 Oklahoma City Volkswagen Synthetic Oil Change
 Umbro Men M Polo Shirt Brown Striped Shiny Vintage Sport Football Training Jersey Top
---
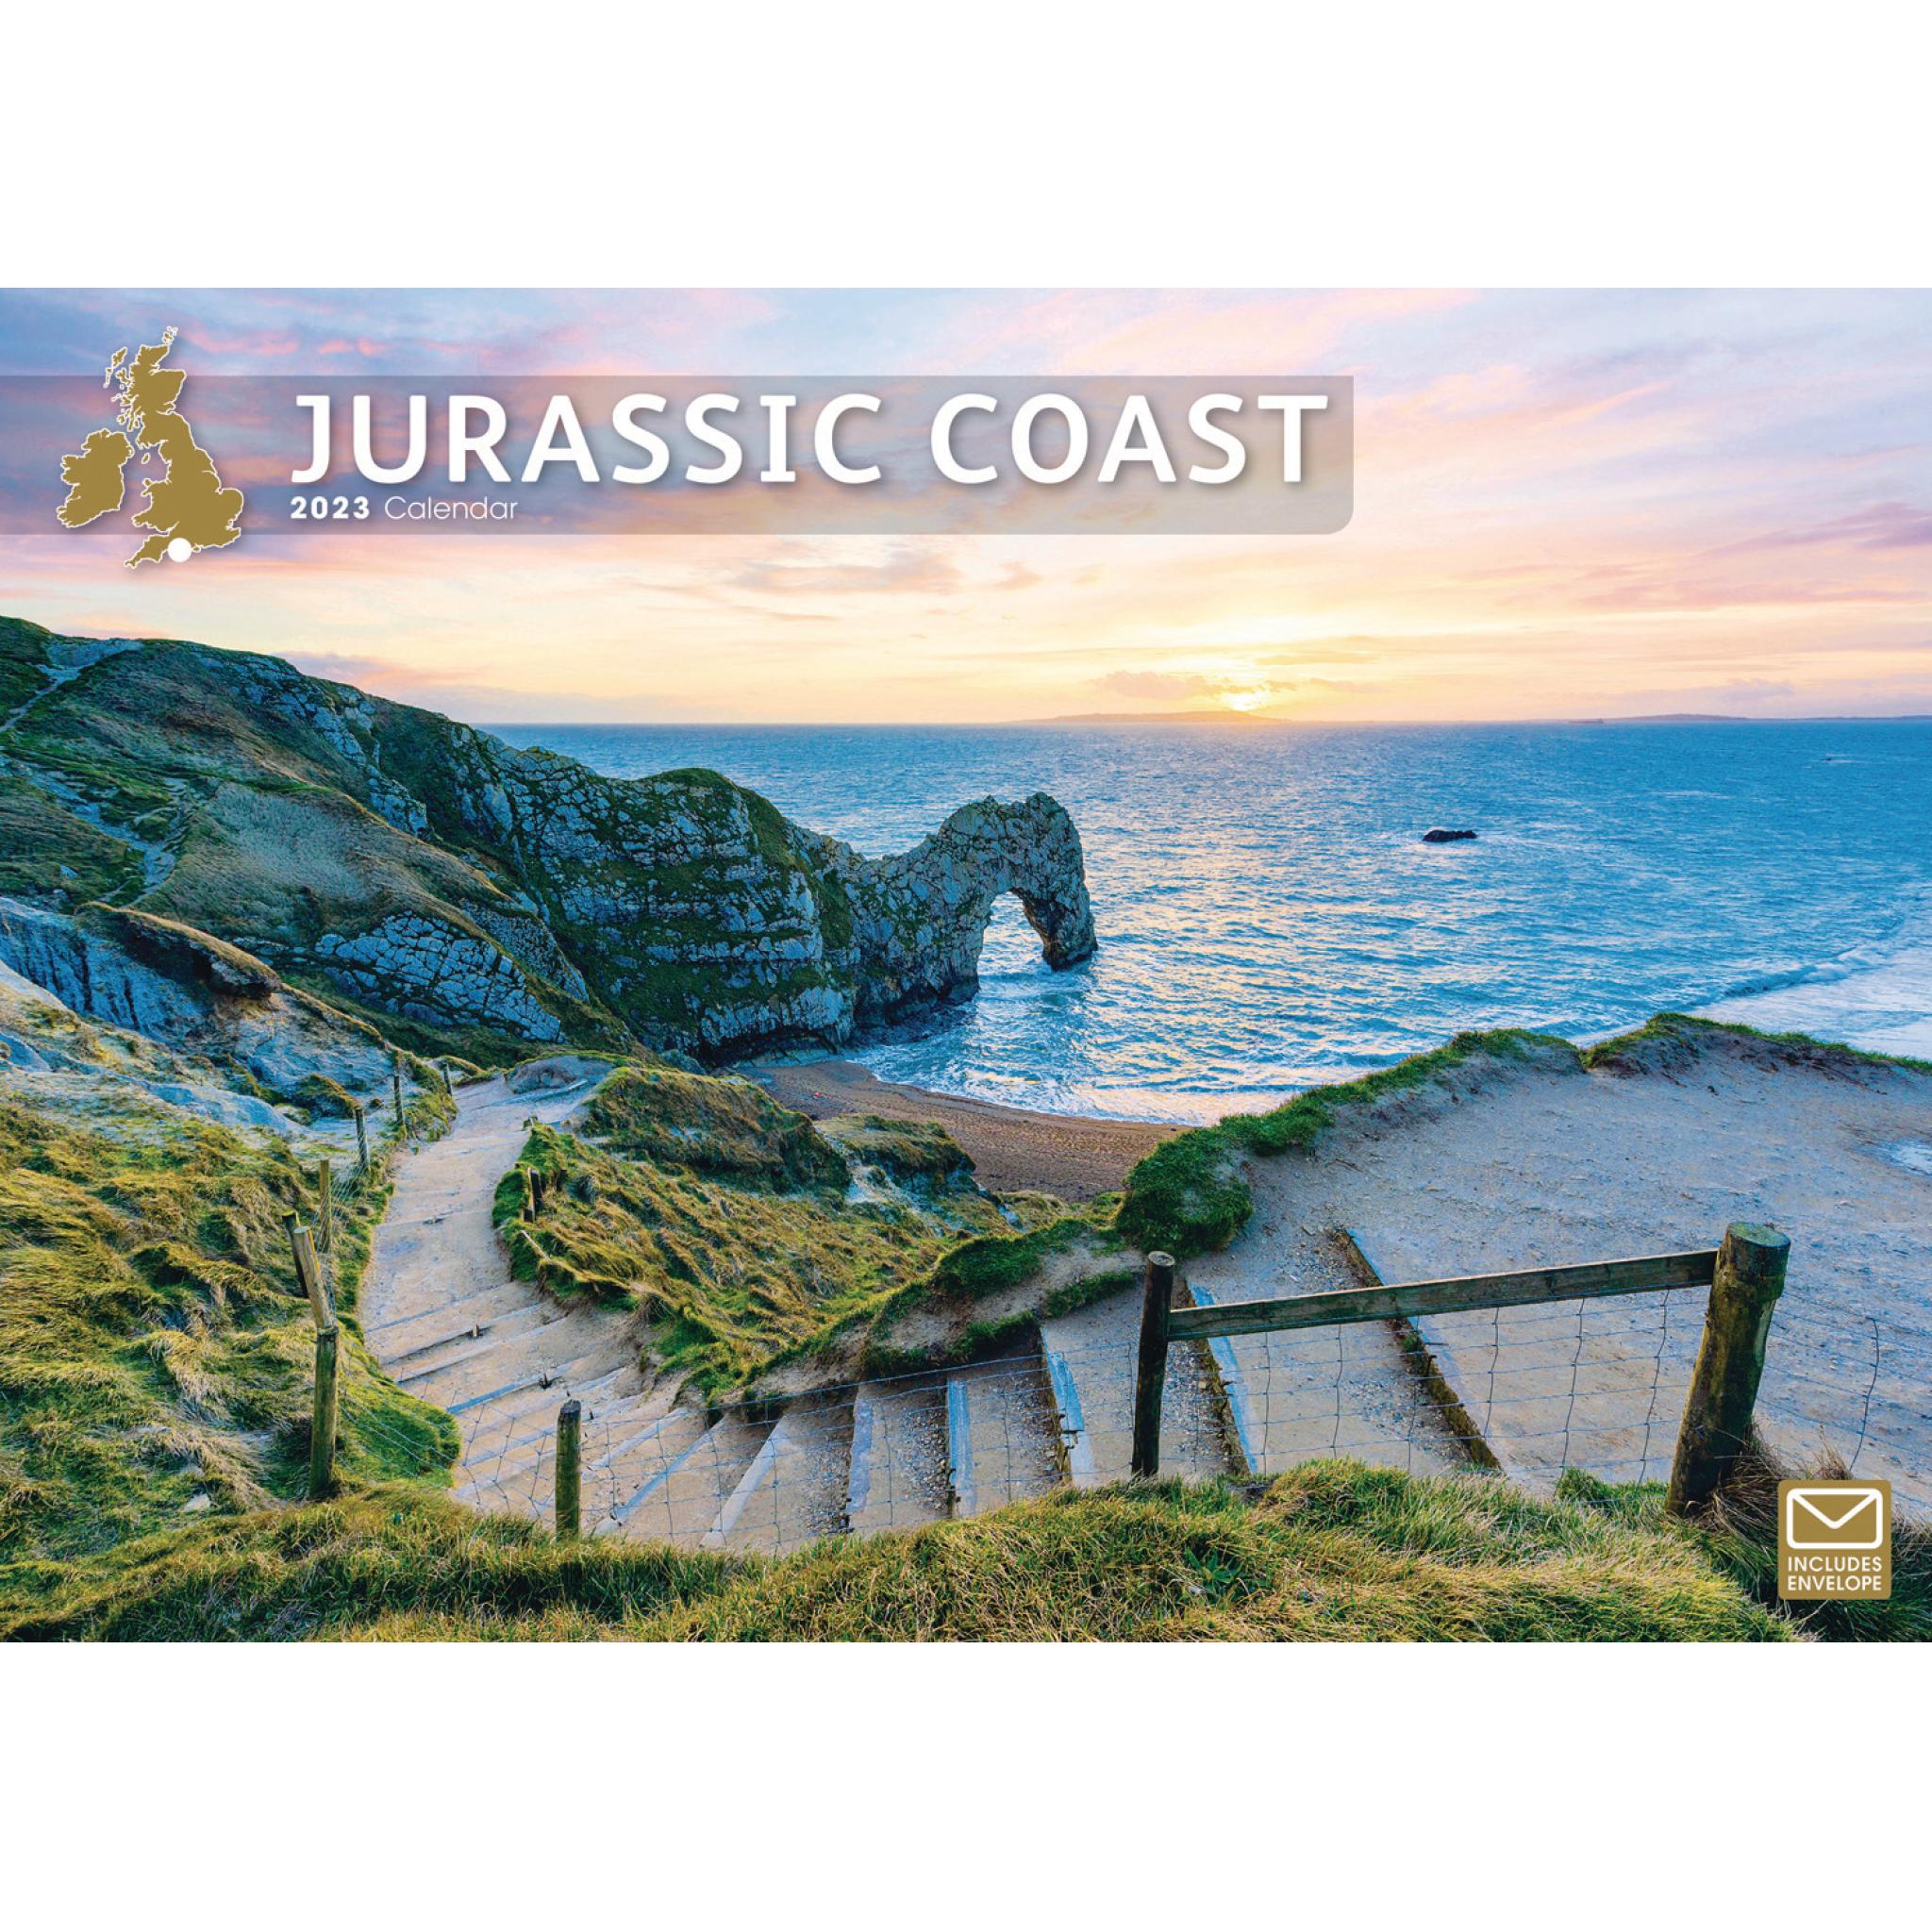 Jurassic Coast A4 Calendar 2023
==
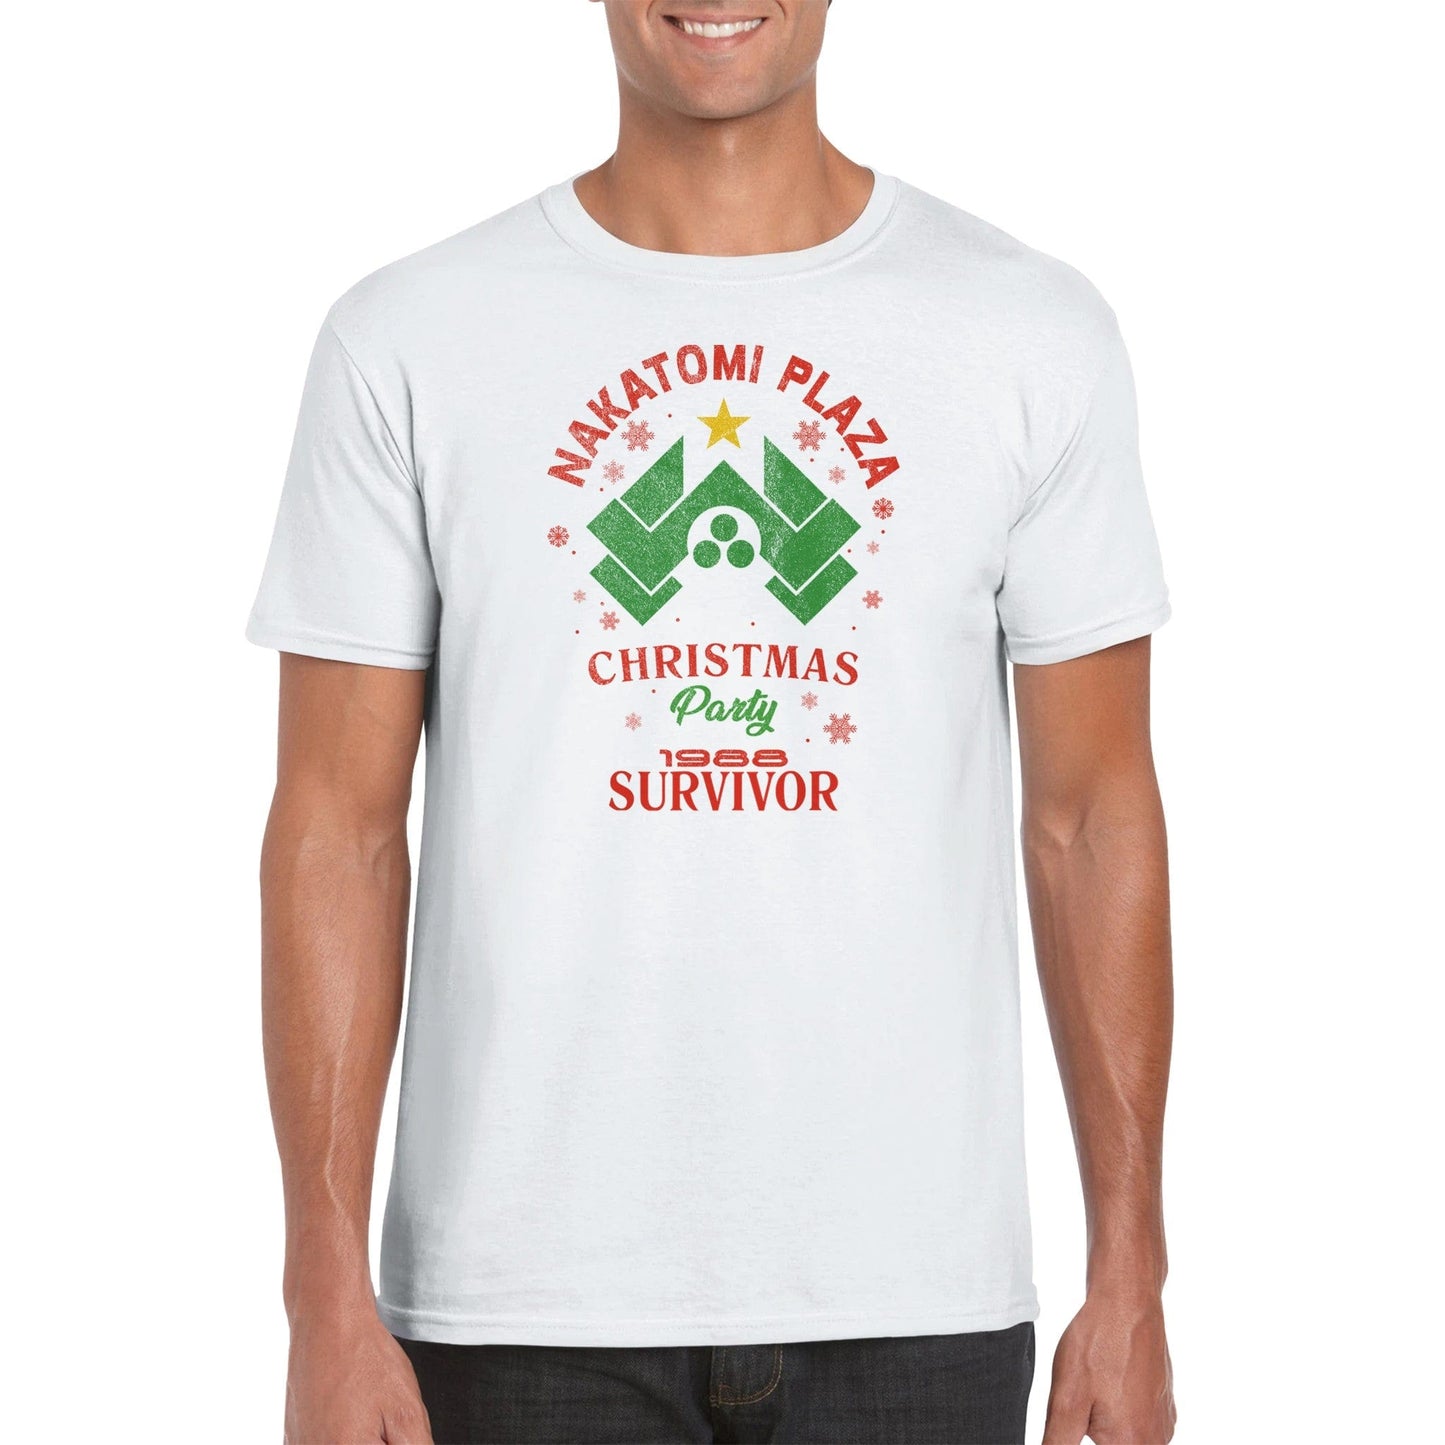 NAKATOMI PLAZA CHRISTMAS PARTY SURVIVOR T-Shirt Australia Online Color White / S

**Task**
The response should be the listing above, limited to the lines between the one holding "Oklahoma City Volkswagen" and the one holding "Umbro Men M", inclusive, reproduced exactly.

**Answer box**
 Oklahoma City Volkswagen Synthetic Oil Change
 Umbro Men M Polo Shirt Brown Striped Shiny Vintage Sport Football Training Jersey Top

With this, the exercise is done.